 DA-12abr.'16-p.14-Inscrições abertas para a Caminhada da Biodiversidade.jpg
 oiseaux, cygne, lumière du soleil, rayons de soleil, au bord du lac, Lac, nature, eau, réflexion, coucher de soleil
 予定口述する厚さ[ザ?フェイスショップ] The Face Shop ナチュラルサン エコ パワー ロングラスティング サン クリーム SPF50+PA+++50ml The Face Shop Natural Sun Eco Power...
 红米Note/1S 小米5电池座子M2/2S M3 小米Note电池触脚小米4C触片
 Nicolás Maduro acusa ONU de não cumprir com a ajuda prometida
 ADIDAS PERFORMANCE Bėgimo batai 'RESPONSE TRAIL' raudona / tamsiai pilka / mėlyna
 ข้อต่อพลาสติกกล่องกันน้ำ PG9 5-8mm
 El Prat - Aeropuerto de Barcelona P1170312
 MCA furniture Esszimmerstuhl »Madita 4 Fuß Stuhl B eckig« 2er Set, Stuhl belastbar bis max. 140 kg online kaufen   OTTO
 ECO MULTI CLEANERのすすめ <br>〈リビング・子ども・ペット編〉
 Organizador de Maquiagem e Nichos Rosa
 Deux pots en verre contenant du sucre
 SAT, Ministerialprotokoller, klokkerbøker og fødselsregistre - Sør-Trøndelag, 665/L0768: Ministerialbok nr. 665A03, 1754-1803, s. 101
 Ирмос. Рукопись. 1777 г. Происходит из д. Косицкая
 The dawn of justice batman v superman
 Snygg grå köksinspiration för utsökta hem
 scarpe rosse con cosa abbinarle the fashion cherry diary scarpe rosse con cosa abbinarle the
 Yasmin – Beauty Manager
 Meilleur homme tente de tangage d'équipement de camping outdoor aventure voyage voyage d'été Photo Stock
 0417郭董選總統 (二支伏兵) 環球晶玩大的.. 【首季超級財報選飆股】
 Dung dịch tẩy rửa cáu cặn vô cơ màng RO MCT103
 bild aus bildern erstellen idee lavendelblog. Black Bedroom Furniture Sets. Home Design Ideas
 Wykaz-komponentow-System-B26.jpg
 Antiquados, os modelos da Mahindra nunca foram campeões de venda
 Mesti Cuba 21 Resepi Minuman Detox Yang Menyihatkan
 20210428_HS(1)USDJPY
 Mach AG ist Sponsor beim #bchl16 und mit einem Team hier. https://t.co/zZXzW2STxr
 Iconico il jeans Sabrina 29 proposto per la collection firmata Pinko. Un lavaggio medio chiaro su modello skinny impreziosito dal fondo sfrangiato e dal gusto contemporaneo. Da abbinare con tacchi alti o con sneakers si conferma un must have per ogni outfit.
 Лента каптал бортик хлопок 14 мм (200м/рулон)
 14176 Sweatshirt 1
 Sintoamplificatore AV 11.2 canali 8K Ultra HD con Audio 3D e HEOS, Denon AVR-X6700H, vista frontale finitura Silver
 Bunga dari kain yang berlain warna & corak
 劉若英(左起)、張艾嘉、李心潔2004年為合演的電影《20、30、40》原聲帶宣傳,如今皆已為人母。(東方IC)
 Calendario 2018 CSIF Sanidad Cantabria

___

- **DIRECTIONS FOR THIS TASK**:
In the listing above, the lines from the one containing "The dawn of justice batman v superman" through the one containing "Wykaz-komponentow-System-B26.jpg" must be set down exactly, with no other lines.

- **ANSWER SECTION**:
 The dawn of justice batman v superman
 Snygg grå köksinspiration för utsökta hem
 scarpe rosse con cosa abbinarle the fashion cherry diary scarpe rosse con cosa abbinarle the
 Yasmin – Beauty Manager
 Meilleur homme tente de tangage d'équipement de camping outdoor aventure voyage voyage d'été Photo Stock
 0417郭董選總統 (二支伏兵) 環球晶玩大的.. 【首季超級財報選飆股】
 Dung dịch tẩy rửa cáu cặn vô cơ màng RO MCT103
 bild aus bildern erstellen idee lavendelblog. Black Bedroom Furniture Sets. Home Design Ideas
 Wykaz-komponentow-System-B26.jpg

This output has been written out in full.